Better defaults for preventing spam
Open, MediumPublic

Description

A vanilla MediaWiki install allows anonymous users to create pages and talk pages without any restrictions or rate limiting, while registered users are instantly promoted to autoconfirmed status because $wgAutoConfirmAge and $wgAutoConfirmCount both default to 0. There are no restrictions, rate limits, blacklists, or even CAPTCHAs for new or anonymous users to insert external links, create pages. or complete any other action. I can go find a fresh vanilla install right now via any search engine and begin creating thousands of pages containing a backlink to my website or some malicious URL - all without any difficulty.

The bundled anti-spam extensions include ConfirmEdit, Nuke, SpamBlacklist, and TitleBlacklist. Of those, ConfirmEdit seems to be the only one which can effectively prevent spam without too much hassle. Yet the default CAPTCHA is trivially bypassable. There's no easy built-in way to find a spammer's IP or implement regular expression filters - users have to go and install CheckUser and AbuseFilter themselves.
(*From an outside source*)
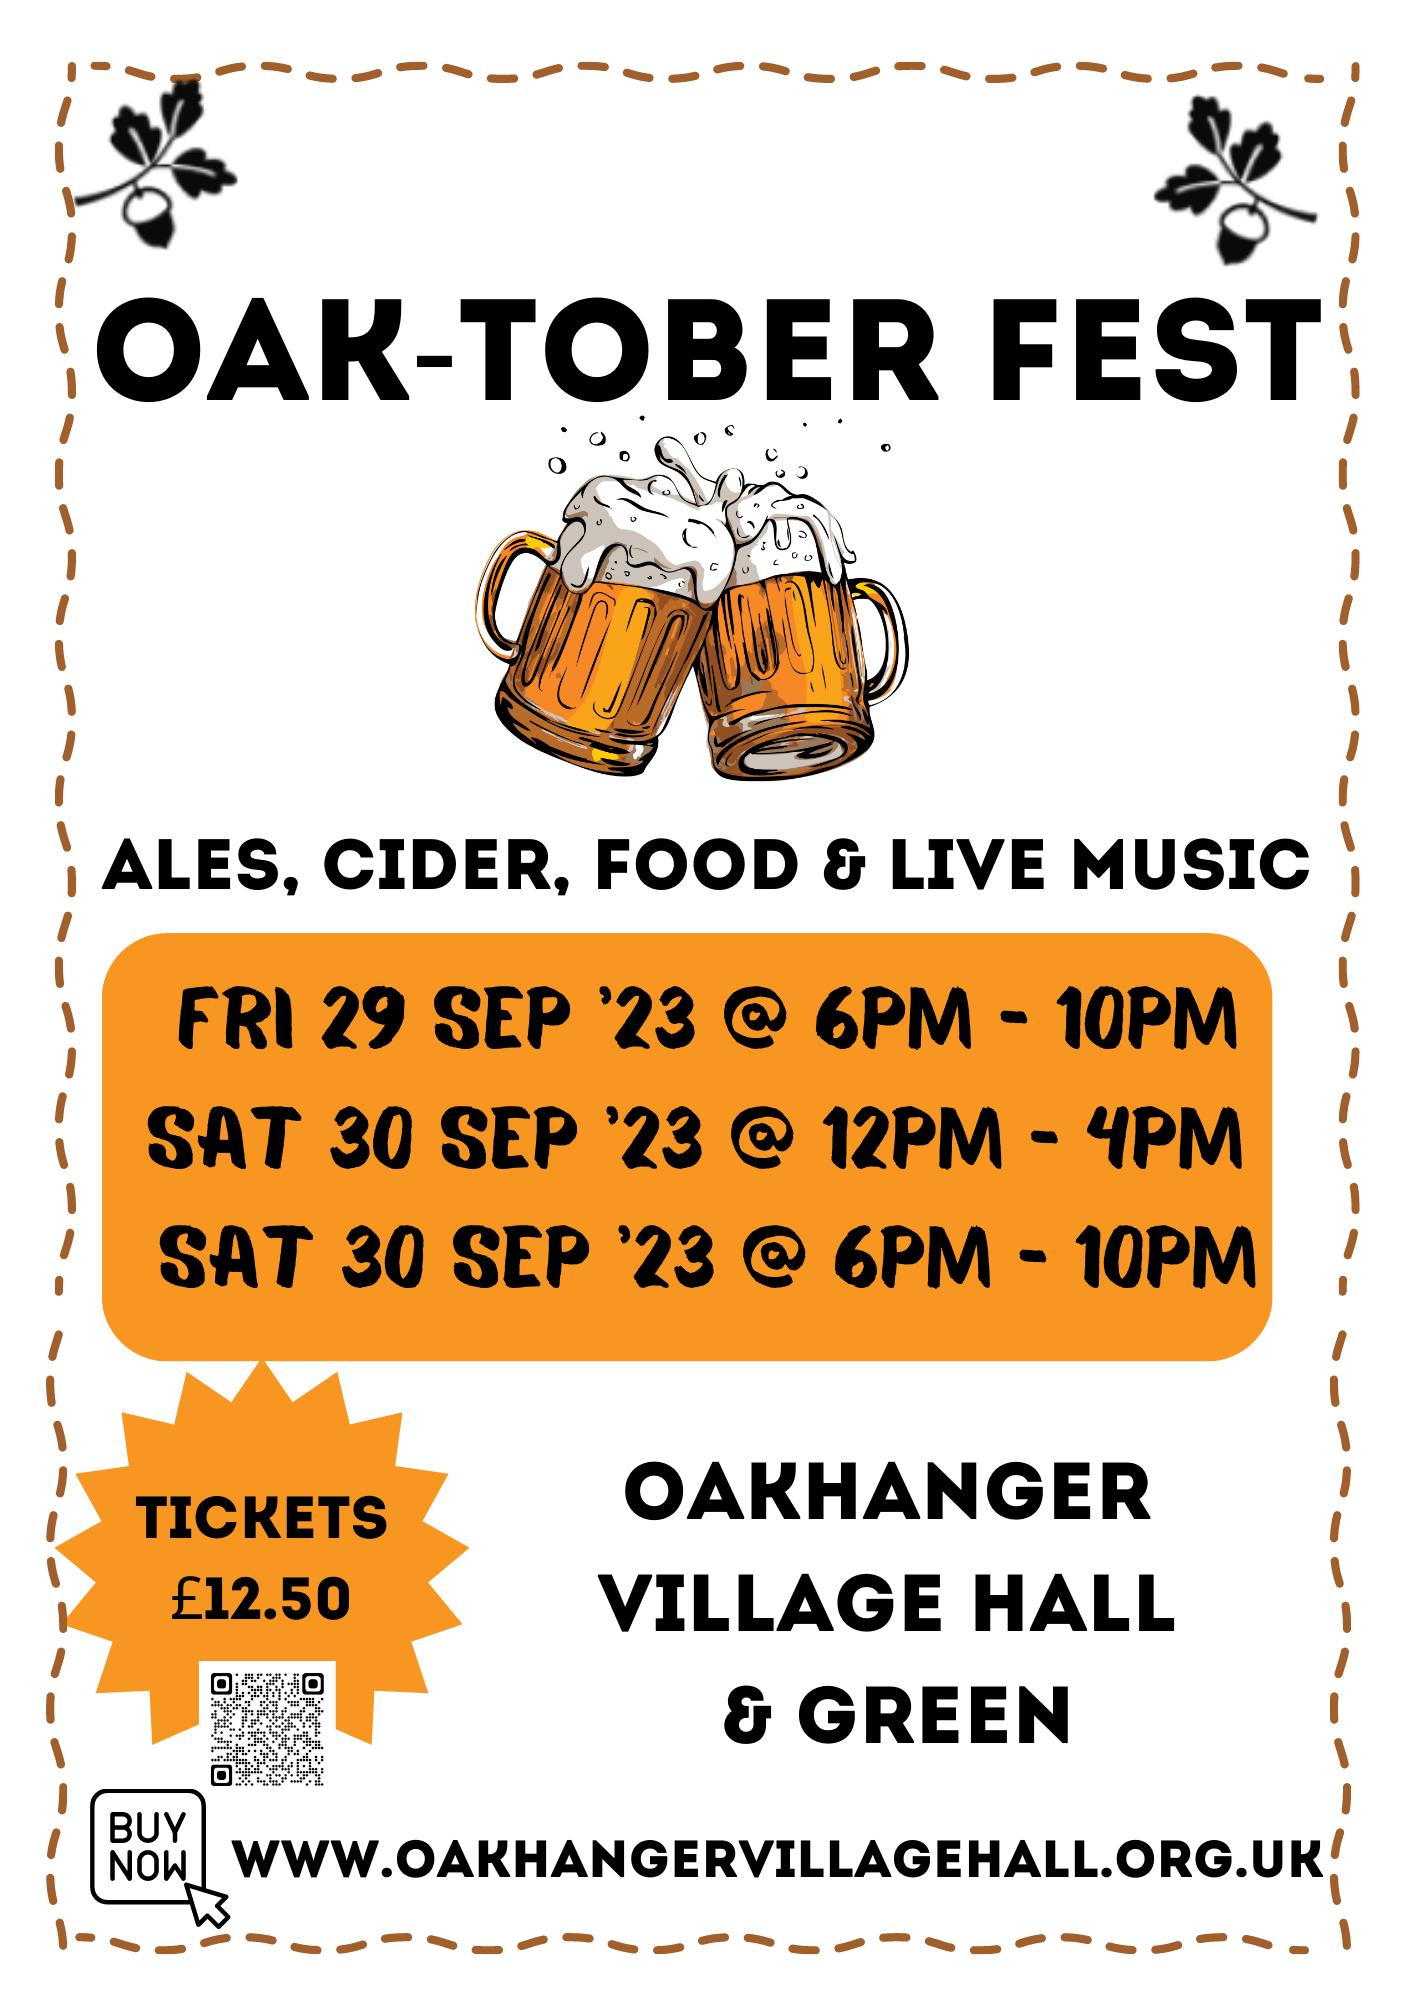 Oakhanger Village Hall Oaktober Fest

There are bots for sale which are designed specifically for spamming MediaWiki, and several Fiverr gigs offer thousands of MediaWiki backlinks for $5. All of that spam is possible because sysadmins aren't installing and using anti-spam extensions and because the default settings grant too much trust to new users.
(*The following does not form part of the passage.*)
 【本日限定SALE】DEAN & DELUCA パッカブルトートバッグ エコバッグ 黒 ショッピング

MediaWiki spam is not just a problem for the people running spammed installs, but rather for sysadmins of other websites too. I've seen a large number of cases where the spammer submits a link to a MediaWiki site as a means to hide the real target of the spam link. They'd spam for innocentSpammedWebsite.com on my website while innocentSpammedWebsite.com contains a link to the actual destination they wanted to spam. My domain blacklists didn't contain innocentSpammedWebsite.com, but had actualTarget.com instead.
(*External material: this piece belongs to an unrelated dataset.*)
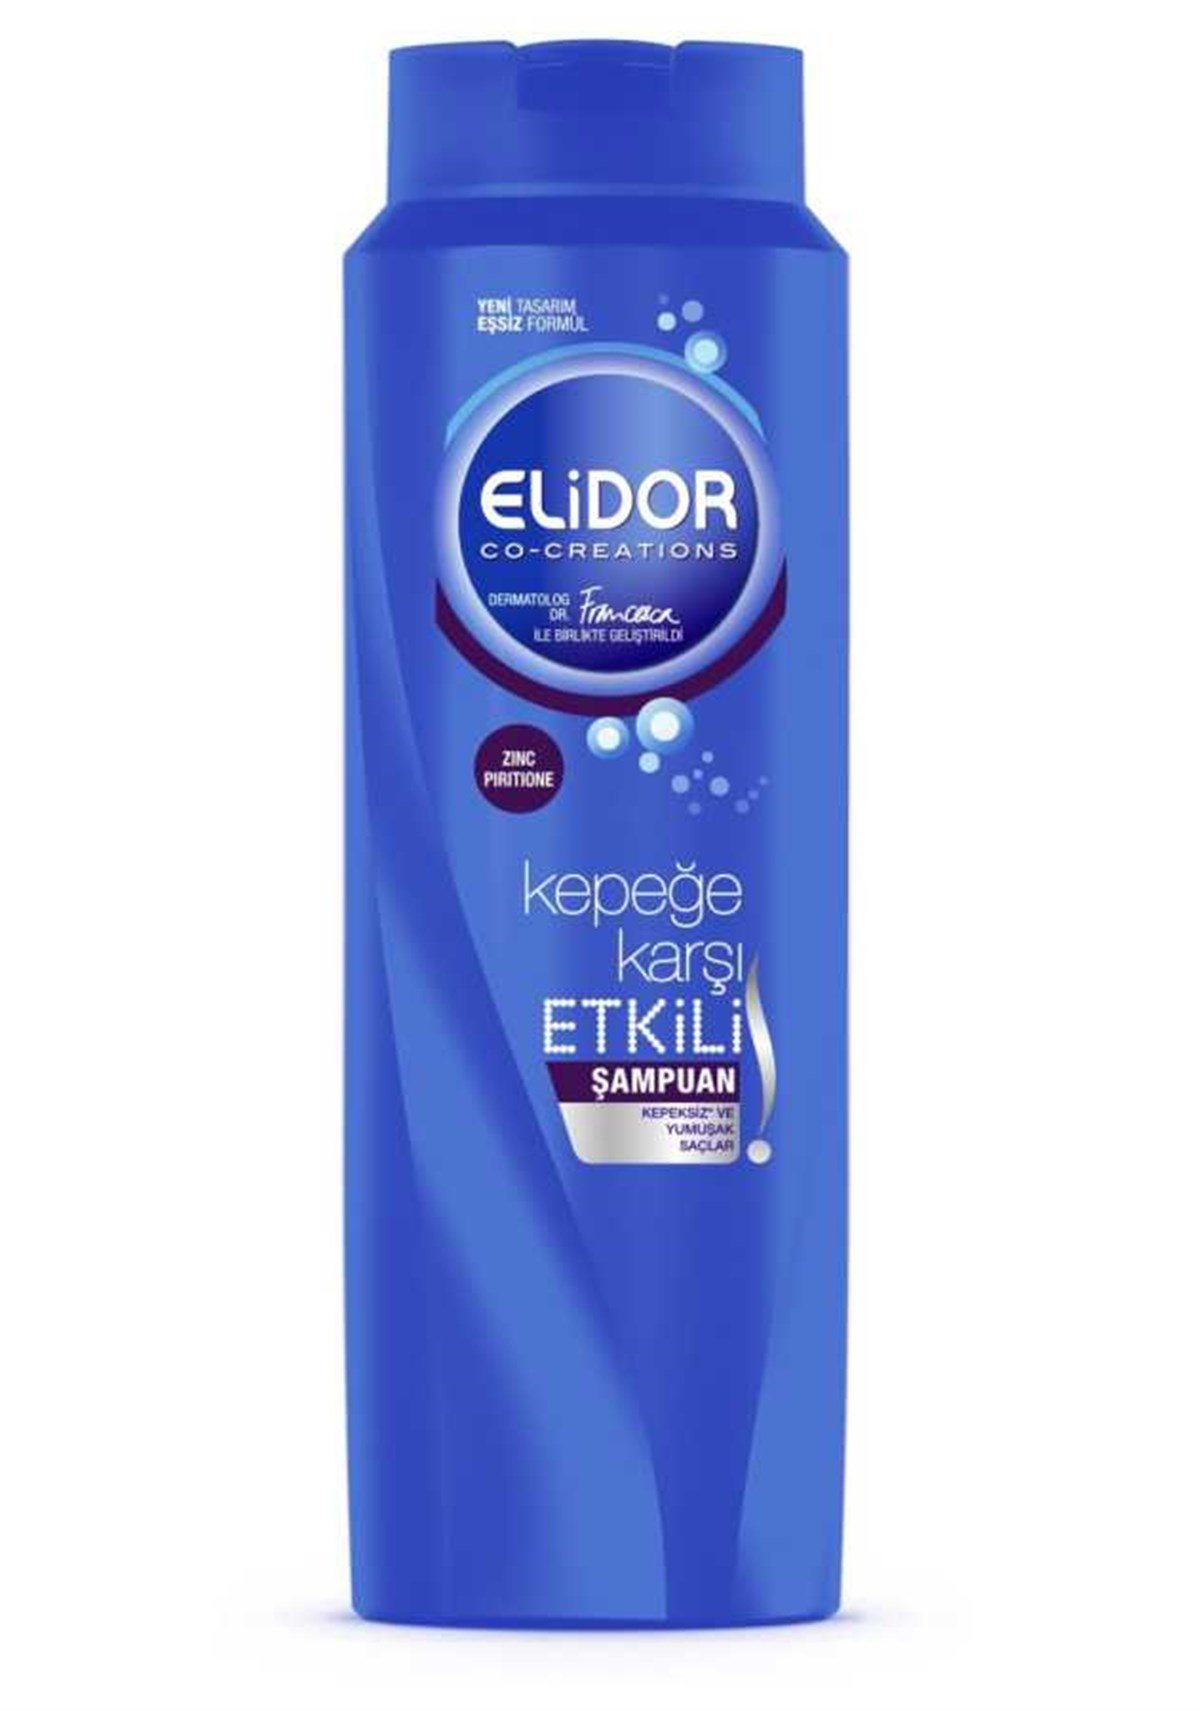 Elidor Kepeğe Karşı Etkili Şampuan 550ml Fiyatları | Dermosiparis.com

Can stricter default settings be considered to protect the wider Internet community from shady blackhat SEO spammers abusing MediaWiki? Spam is an increasing problem on the Internet, and MediaWiki's open nature makes it an ideal target for spammers.

Possible ideas:

  • Bundle common anti-spam extensions with the standard MediaWiki release
  • Improve the defaults for core and already bundled antispam extensions (which are: ConfirmEdit, Nuke, SpamBlacklist, TitleBlacklist)
    • Disallow anonymous users and new users from creating pages and talk pages containing external links.
    • Make QuestyCaptcha the default CAPTCHA and have sysadmins type out a question and answer pair during the initial setup. A CAPTCHA itself can be optional, but guiding sysadmins to QuestyCaptcha should reduce a lot of spam.

See also:

Event Timeline

Thanks for reporting this. The general discussion seems to be more suited for a mailing list like mediawiki-l@ or wikitech-l@: https://lists.wikimedia.org/mailman/listinfo
This task mixes several very different aspects so the task itself might be 'unfixable'...

In general, https://www.mediawiki.org/wiki/Manual:Combating_spam is linked from the main page when installing. If you have recommendations given the current state, feel free to edit that wiki page.

Yet the default CAPTCHA is trivially bypassable.

There are likely existing tasks about this. Hard to say as "trivially bypassable" could mean anything.

There's no easy built-in way to find a spammer's IP or implement regular expression filters - users have to go and install CheckUser and AbuseFilter themselves.
I believe integrating AbsenteeLandlord into core
Make QuestyCaptcha the default CAPTCHA

Please file separate tasks for separate requests - see https://mediawiki.org/wiki/How_to_report_a_bug

Also see T100706: Revamp anti-spamming strategies and improve UX for the general topic.

Can stricter default settings be considered

Adding MediaWiki-Installer but as written above this needs broader discussion first...

I am going to close this task as it is currently not actionable and needs to be broken down into specific steps, and as I see this sufficiently covered by T100706. Please feel free to reopen if you disagree and elaborate about specific tasks. Thanks!

Tgr subscribed.

I think it's fine to have planning / "goal" tasks without clear implementation steps as long as they clearly spell out a problem to solve, which this task does (and T100706 doesn't, but it seems to be more about Wikimedia-specific solutions while this task is about MediaWiki defaults).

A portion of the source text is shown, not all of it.